Learning and control for complex multiagent systems
View/ Open
Date
2023-12-06Author
Donge, Vrushabh S
0000-0003-0606-2803
Metadata
Show full item recordAbstract
**Please note that the full text is embargoed until 02/01/2025** Complex multiagent systems (MASs) are pervasive in various fields, from power system networks, and autonomous robotics to traffic management, where groups of agents
interact to achieve collective objectives. Effective coordination and control of such systems
pose significant challenges due to their inherent complexity and the need for adaptive, efficient strategies. This dissertation explores combining data-driven approaches, reinforcement
learning (RL), and control theory to address these challenges. We present novel methodologies for learning and controlling complex MASs, emphasizing the development
of adaptive algorithms that can autonomously adapt to dynamic environments, collaborate
with other agents, and optimize system-wide performance. Our findings offer promising insights into creating intelligent MASs that can operate efficiently and effectively in diverse
applications.
This thesis navigates the intricate realm of large-scale systems, focusing on MAS and complex nonlinear structures. It introduces innovative methodologies rooted in inverse
RL to tackle challenges ranging from uncovering unknown cost functions to enabling data-efficient optimal control within MAS frameworks.
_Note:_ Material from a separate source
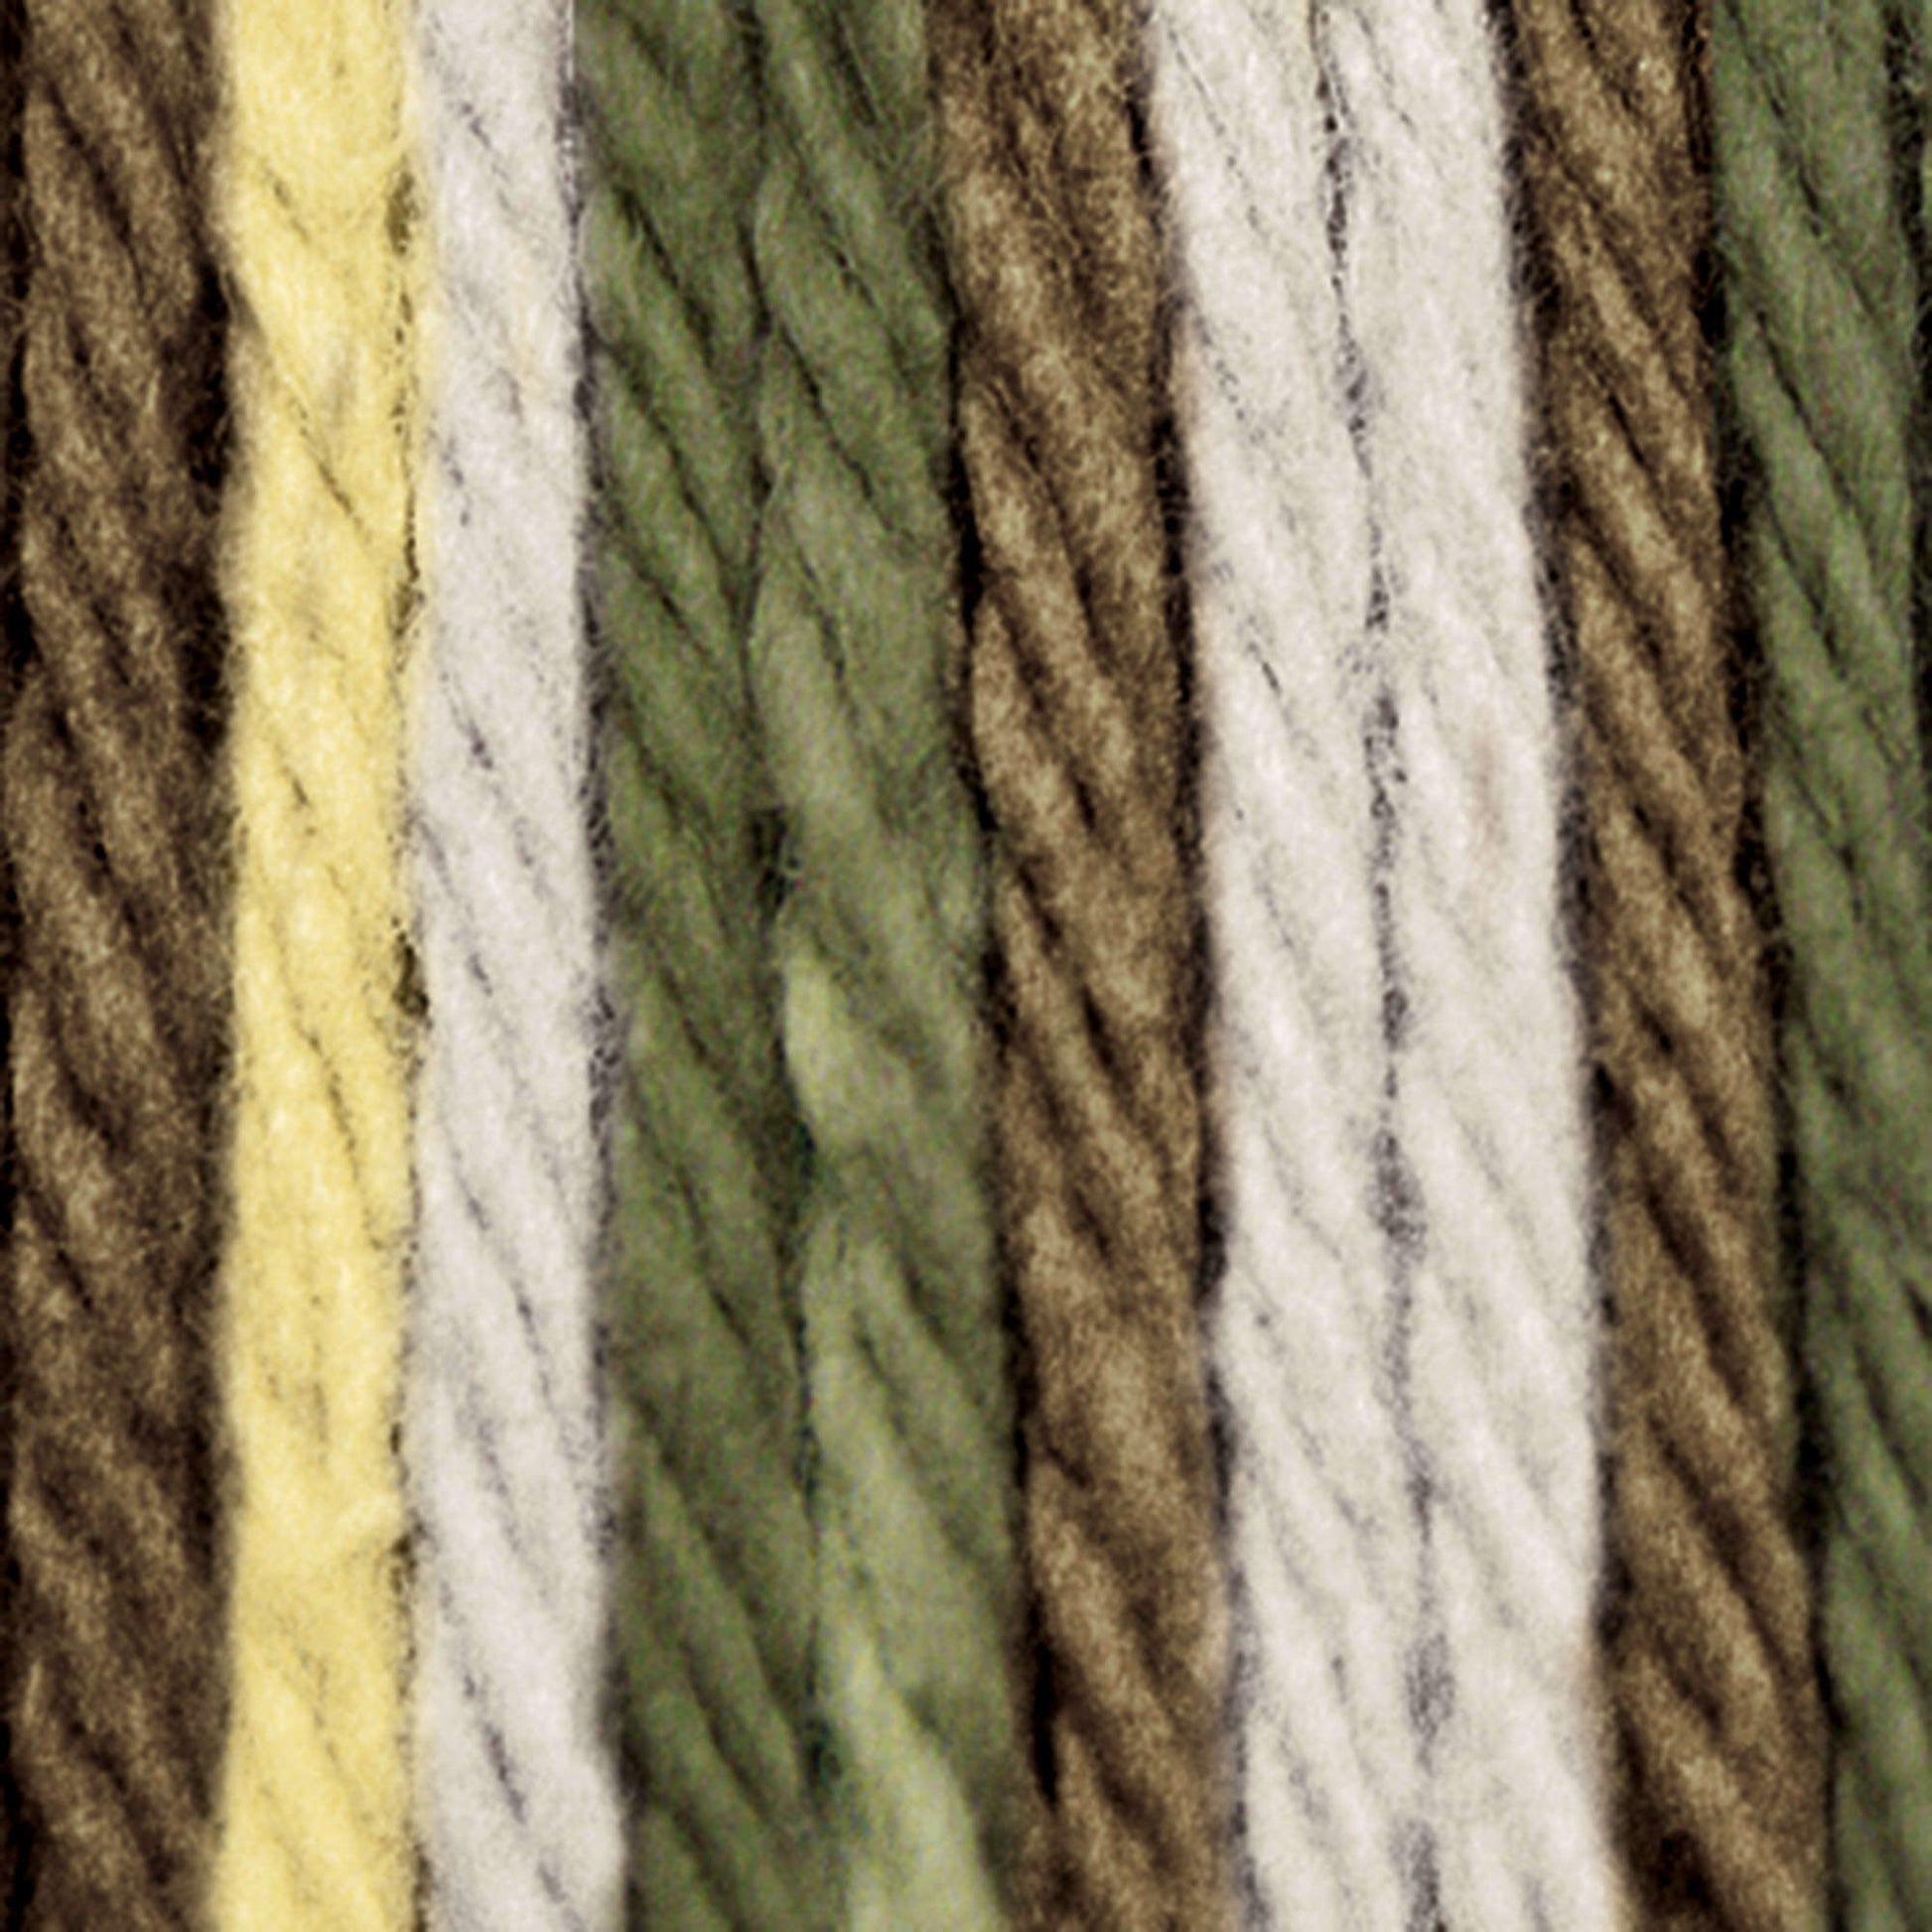 Bernat Handicrafter Cotton Variegates Yarn (340g/12oz) - Discontinued

The research begins by unveiling an inverse RL algorithm designed for graphical apprentice games in MAS. This algorithm employs an inner-loop optimal control update and an outer-loop inverse optimal control (IOC) update as subproblems, where reward functions that the learner MAS finds are proven to be both stabilizing and non-unique. A simulation study of DC microgrid validates the effectiveness of this approach. Expanding the scope, the thesis explores the application of decomposition principles to discrete-time RL for optimal control in networked subsystems. Here, a model-free algorithm based on online
behaviors is enhanced by employing dynamic mode decomposition (DMD) to handle larger networks, validated through consensus and power system networks.
Additionally, the work advances a data-efficient model-free RL algorithm using Koopman operators for complex nonlinear systems. This methodology lifts the nonlinear system into a linear model, deriving an off-policy Bellman equation that reduces data requirements for optimal control learning. Validation within power system excitation control demonstrates its efficacy. Furthermore, the thesis addresses reward-shaping challenges in large-scale MAS using inverse RL, proposing a scalable model-free algorithm. Leveraging DMD, this approach significantly diminishes data requirements while ensuring algorithm
convergence, stability, and the non-uniqueness of state-reward weights. Validation in a large-scale consensus network confirms the method’s efficacy through comparisons of data sizes and computational time for reward shaping.
Through these diverse methodologies and validations across various complex systems, this thesis not only contributes theoretical advancements but also offers practical solutions for managing, controlling, and shaping behaviors within intricate large-scale networked systems.